Facebook’s new algorithm, as yet unnamed, is focused on a few things—improving the quality of content that shows up in people’s newsfeeds, making room for more organic content, and trying to squeeze more ad dollars out of businesses that have become adept at using their brand pages as free advertising.

Facebook maintains that they are making the change because more people are sharing. More people sharing means heightened competition for space.

In a Facebook sales deck obtained by Ad Age, the company was explicit about the effect the new algorithm will have:

"We expect organic distribution of an individual page's posts to gradually decline over time as we continually work to make sure people have a meaningful experience on the site."

What this means is that users will see less content from brand pages and more content produced by major publishers like The Atlantic, Buzzfeed, etc.

Ignite Social Media recently put out a chilling report on the effect of the new algorithm. After analyzing 689 posts across 21 brand pages of different sizes and industries, they reported that organic reach had declined by 44%. Some saw declines up to 88%.

Prior to the update, a brand could expect their posts to reach about 16% of their fans.
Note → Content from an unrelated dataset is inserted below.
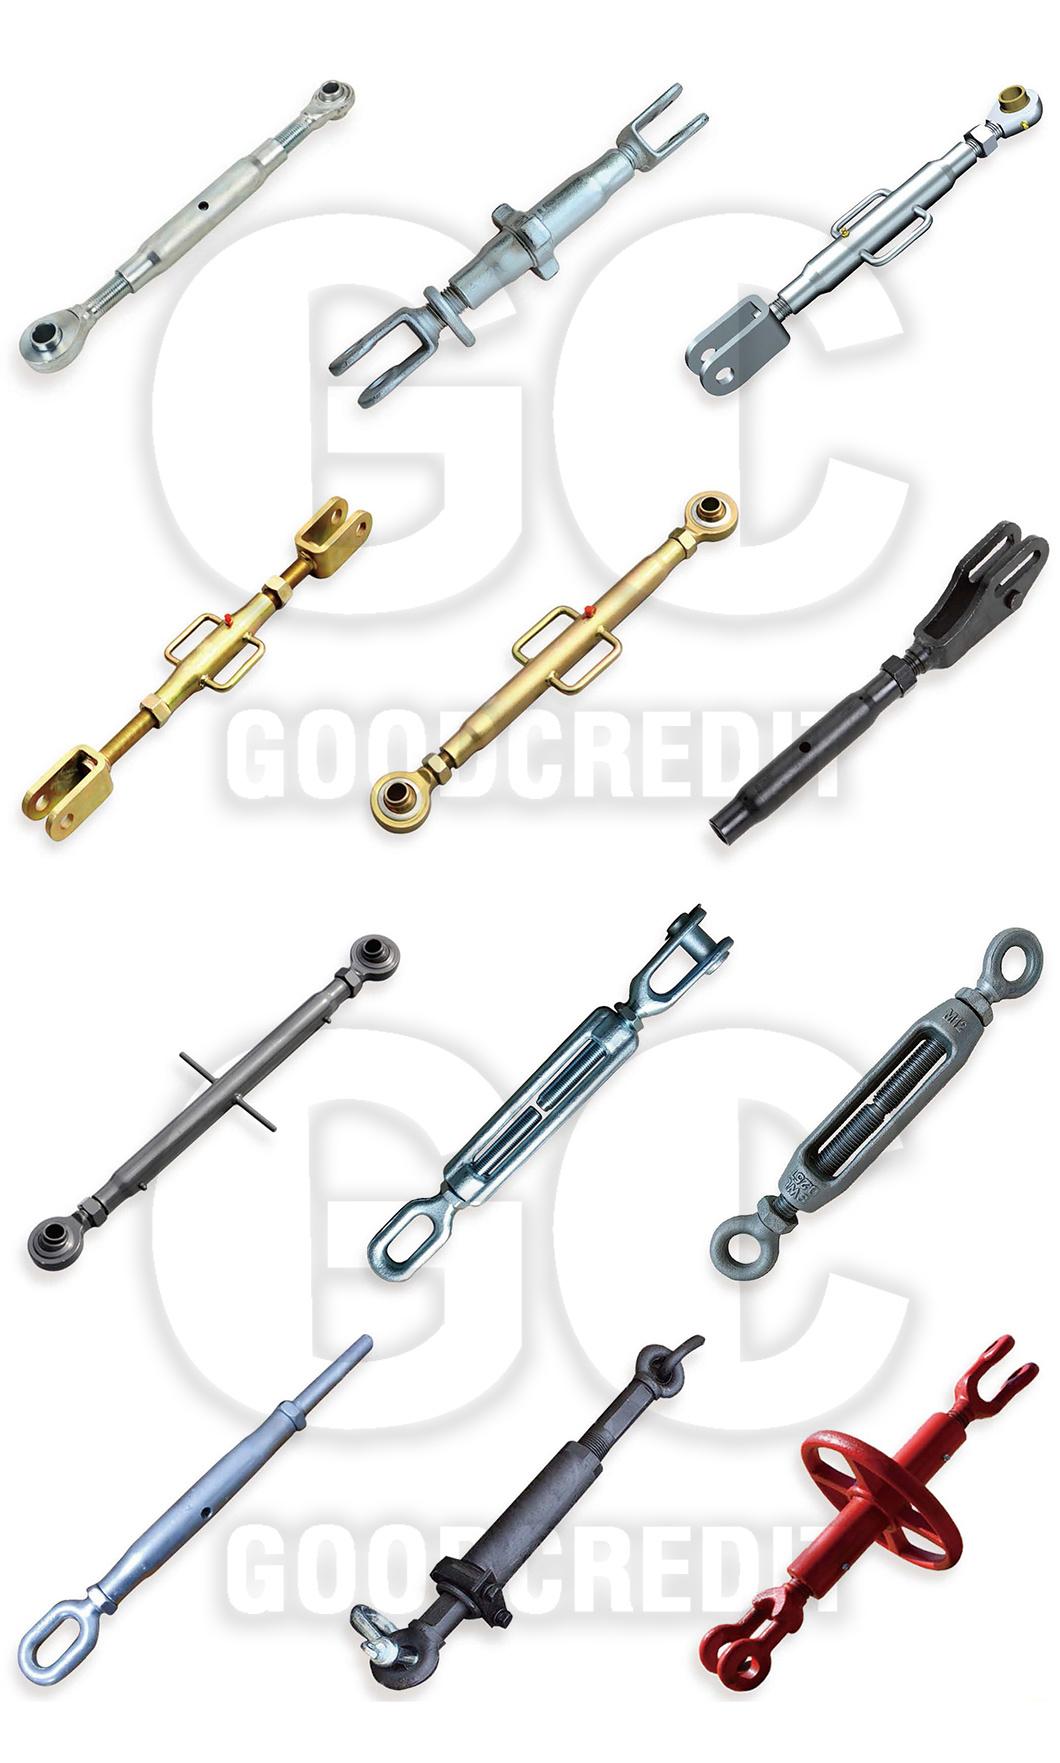 Us Type Forged Turnbuckle/Galvanized Drop Forged DIN1480 Commercial Malleable JIS Turnbuckle

Now, brand pages will be lucky if they hit 3%.

That means that all the time that photographers have spent cultivating likes and fans is likely wasted, unless they are willing to turn to Facebook’s paid ad distribution, which is probably too expensive for most photography businesses and is, by many reports, far less effective than posts that show up organically.

So how do you adapt?

Like Google’s Panda update, the focus is now on quality content that people engage with. Cheap clickbait like memes won’t work anymore. That may be good news for photographers whose quality photographs garner likes and comments. It also means that its more important than ever to produce quality content directly for Facebook as well as guest blogging for reputable web publications and sharing stories that people care about.

 Its hard to know at this point whether Facebook’s downgrade of brand content will destroy the marketing utility of  a brand pages. If it does, it may become more effective to use your personal profile as your main marketing tool. It likely has more reach at this point anyways.

We’ll update you in the coming weeks and months as we find out more.